I must have made a sound, because she was instantly at my side, her voice clipped, breathless.
"Almost there, Colonel. Hold on."
Almost where?
My last clear memory was of… wait, yes the planet. That cold inhospitable planet with the tall trees and the never-ending rain that chilled me, sank into my bones, and made me … cough.
It was horrible, and I couldn’t prevent it.
"Colonel!"
Someone, no, someone’s were yanking me on my side as a rush of coppery fluid gushed from my mouth, preventing me from breathing for one long agonizing moment that seemed to spiral downwards into darkness.
"On three. One-two-three."
I am surrounded by warmth, cocooned in light. I have died and gone to… hell.
Only hell could hold this type of gut wrenching pain that sent my nerve endings shrieking like tracer bullets hitting armor plating - splattering and zinging everywhere, a dangerous but oh so hypnotizing display of instant death.
"Colonel?" Hands, rough hands were prodding me, slapping aside my hands that sought to hold the pain inside as I had been doing for… God, it hurts, it hurts it hurts ithurtzzz.
"I know Colonel."
At first I thought that I must have spoken aloud, to my eternal shame, but she was still speaking.
"I know it must hurt, but hang on, you hear me?" Her voice took on a desperate tone. "You hold on, you hear me?"
"Doc?" My voice was rusty, gurgling in an unfamiliar chest. I had to know, despite my pain, whether there was more, a deeper pain yet to come. "My team?"
"They’re gonna be fine," she answered, her voice striving for calm. "It’s you I’m worried about now." She placed a warm finger on my lips. "Save your strength."
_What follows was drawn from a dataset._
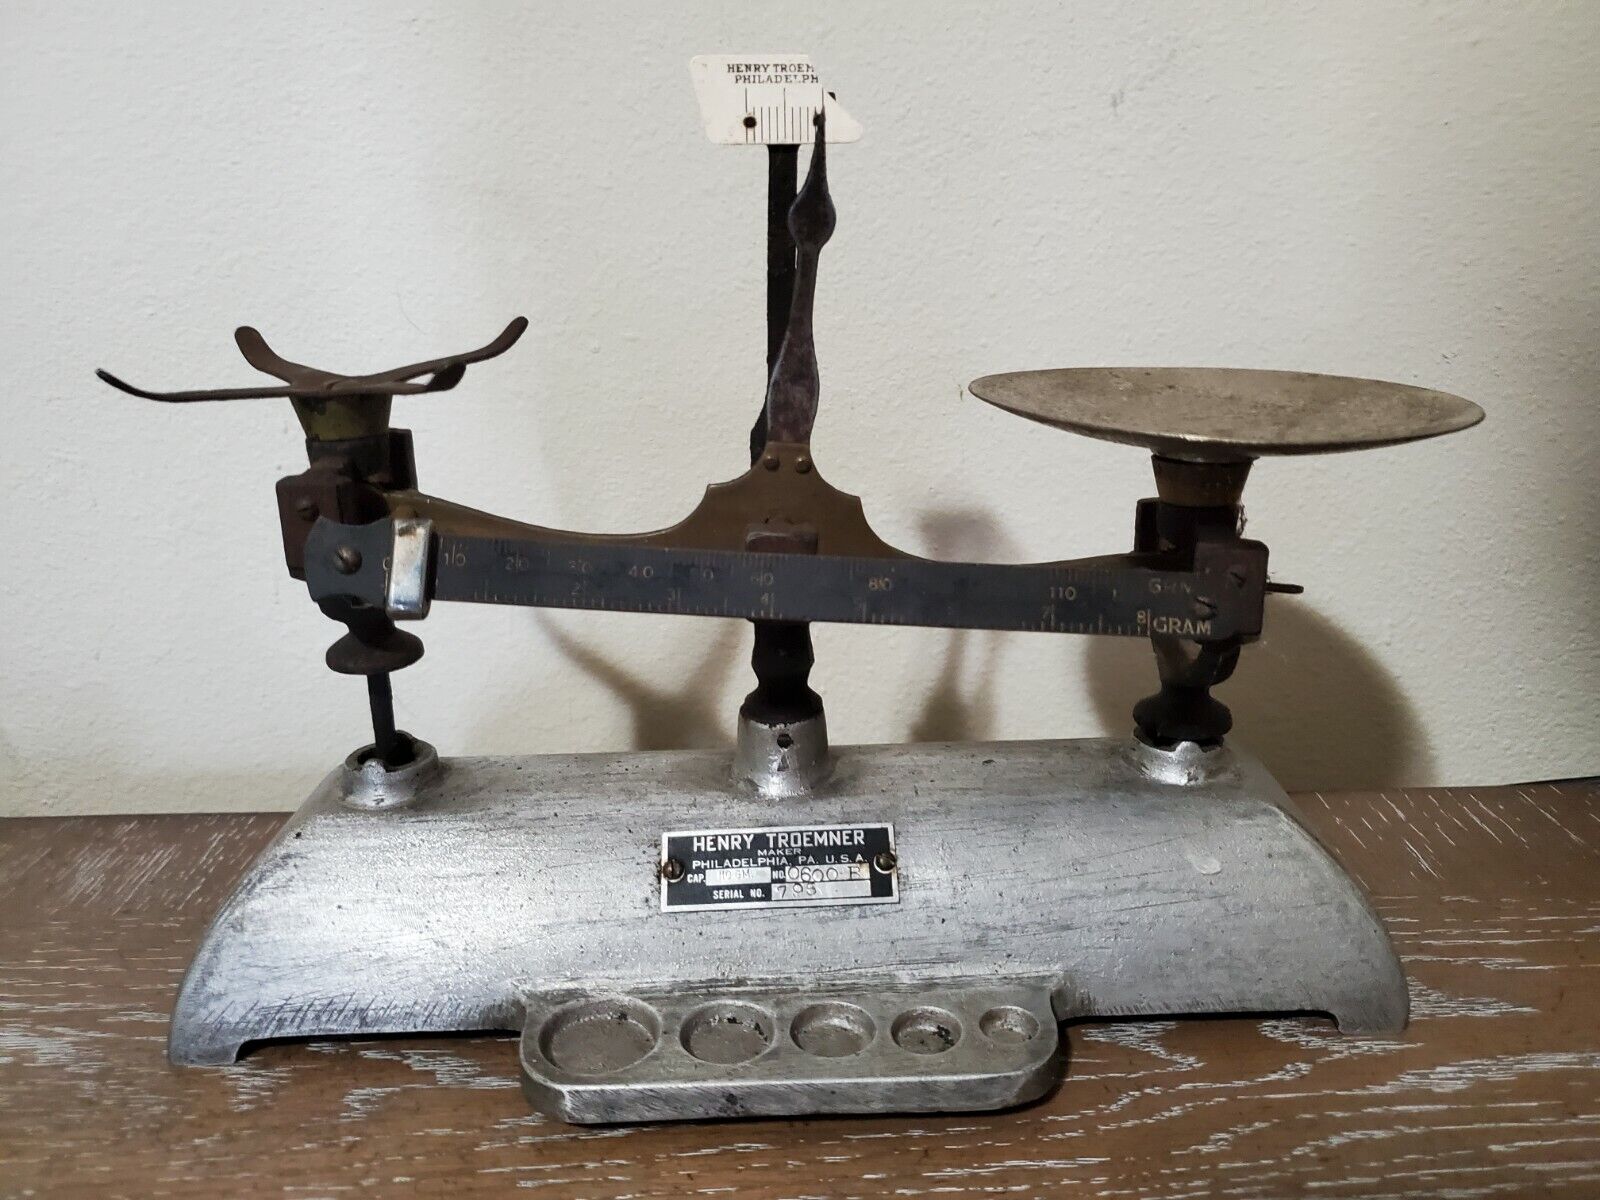 Vintage Antique Henry Troemner Scale 

I was trying but how could I do that when my body was slowly betraying me? Each breath was so hard to take, my lungs felt like they were filled with molten metal and there simply was no space left for life giving oxygen no matter how hard I tried…
Then I could breathe no more and the strident alarms told the world of this fact and someone was holding my head back and someone else was pushing something into my throat and through it all I heard her voice, tight and controlled, calling to me and telling me to be strong, and despite my dislike for where she worked I could at least do that for her but Oh God it hurt, and despite my vow to hold on I felt the corners of my mind being eaten away by speckled dots of swirling black and red and then I took a breath.
And another, and another, and finally I knew that I was no longer in hell.
"Colonel?"
I smelt the antiseptic smell of her way before she touched my brow, brushing that irritatingly long hair from out of my eyes.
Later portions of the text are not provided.